Marqo cloud scales to meet your needs, you can expect low latency searches with millions of documents and high request velocity. Marqo searches include the inference to create your vectors.
Manage your accesses and API keys for members of your organisation with the Marqo Cloud console. Your API keys secure your Marqo end-point.
Vector generation and management are included out of the box. Marqo Cloud pricing is comprised of two parts: storage and inference. You can scale storage and inference to meet your needs. Billing is determined by the per-hour-price of your chosen instances multiplied by the number of instances you allocate.
Storage refers to the hardware which hosts your vectors and enables the searching of those vectors.
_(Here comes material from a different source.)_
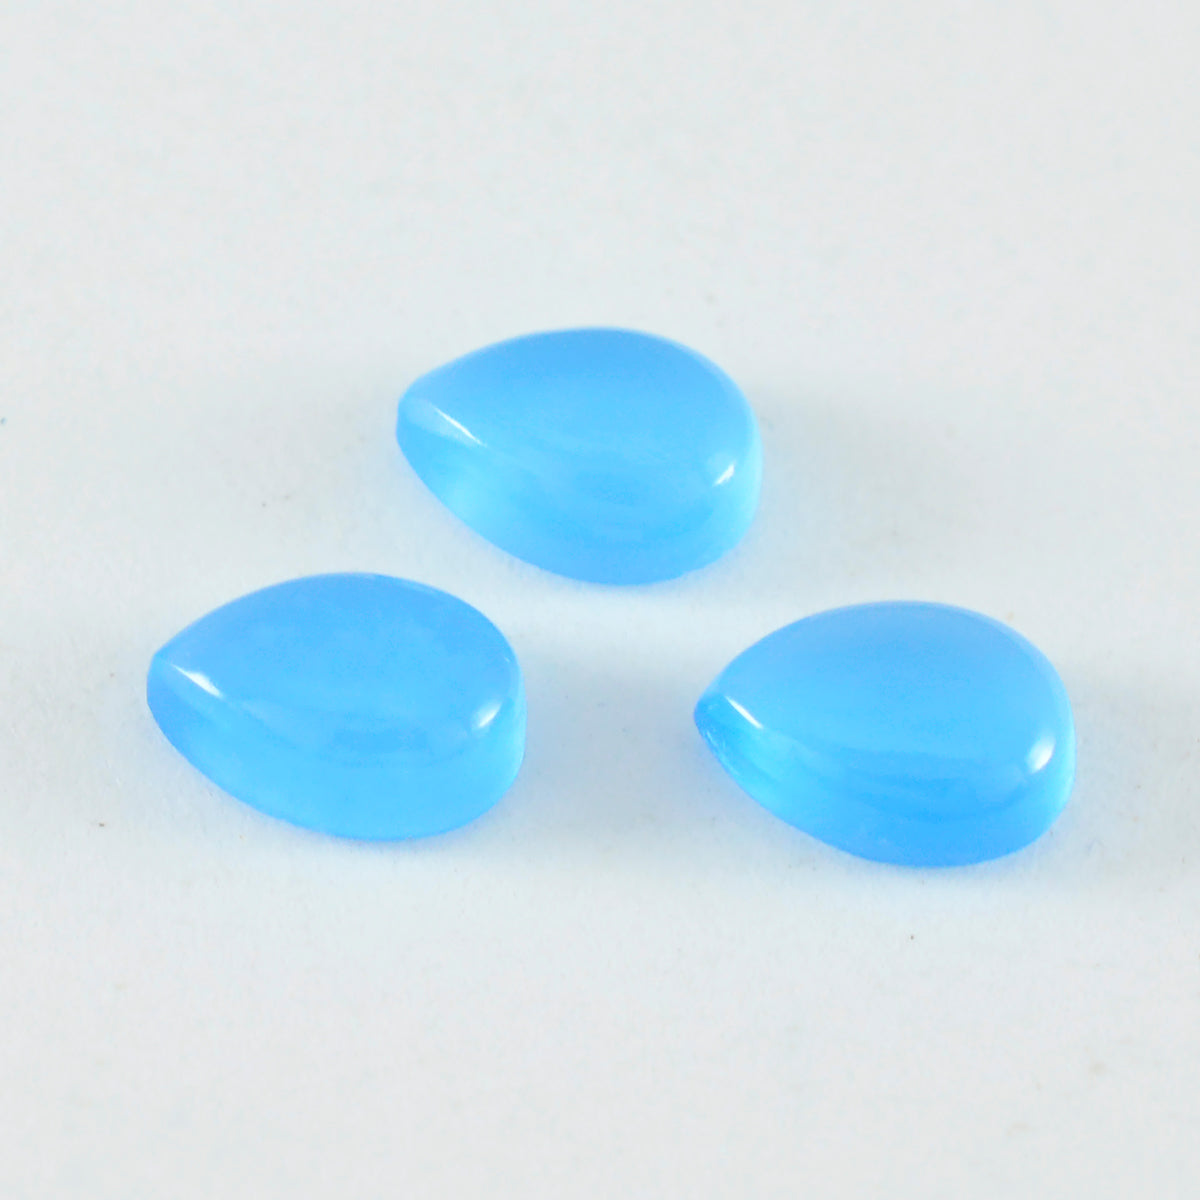 riyogems 1шт кабошон из синего халцедона 7х10 мм грушевидной формы А+ качество рассыпчатый камень

Your storage scales with the size of your data. With Marqo you can pick from three tiers of storage: basic, balanced, or performance.
Marqo is a documents-in-documents-out system, inference hardware converts your documents into vectors for you. CPU instances are recommended for smaller models or where latency is not crucial, GPU instances are recommended for larger models where low latency is critical.
As you grow, you can scale your storage capacity and inference throughput by increasing your number of instances. Swap between CPU and GPU inference to customise your cost, concurrency, and latency behaviours. You can even sale to zero if not actively using an index.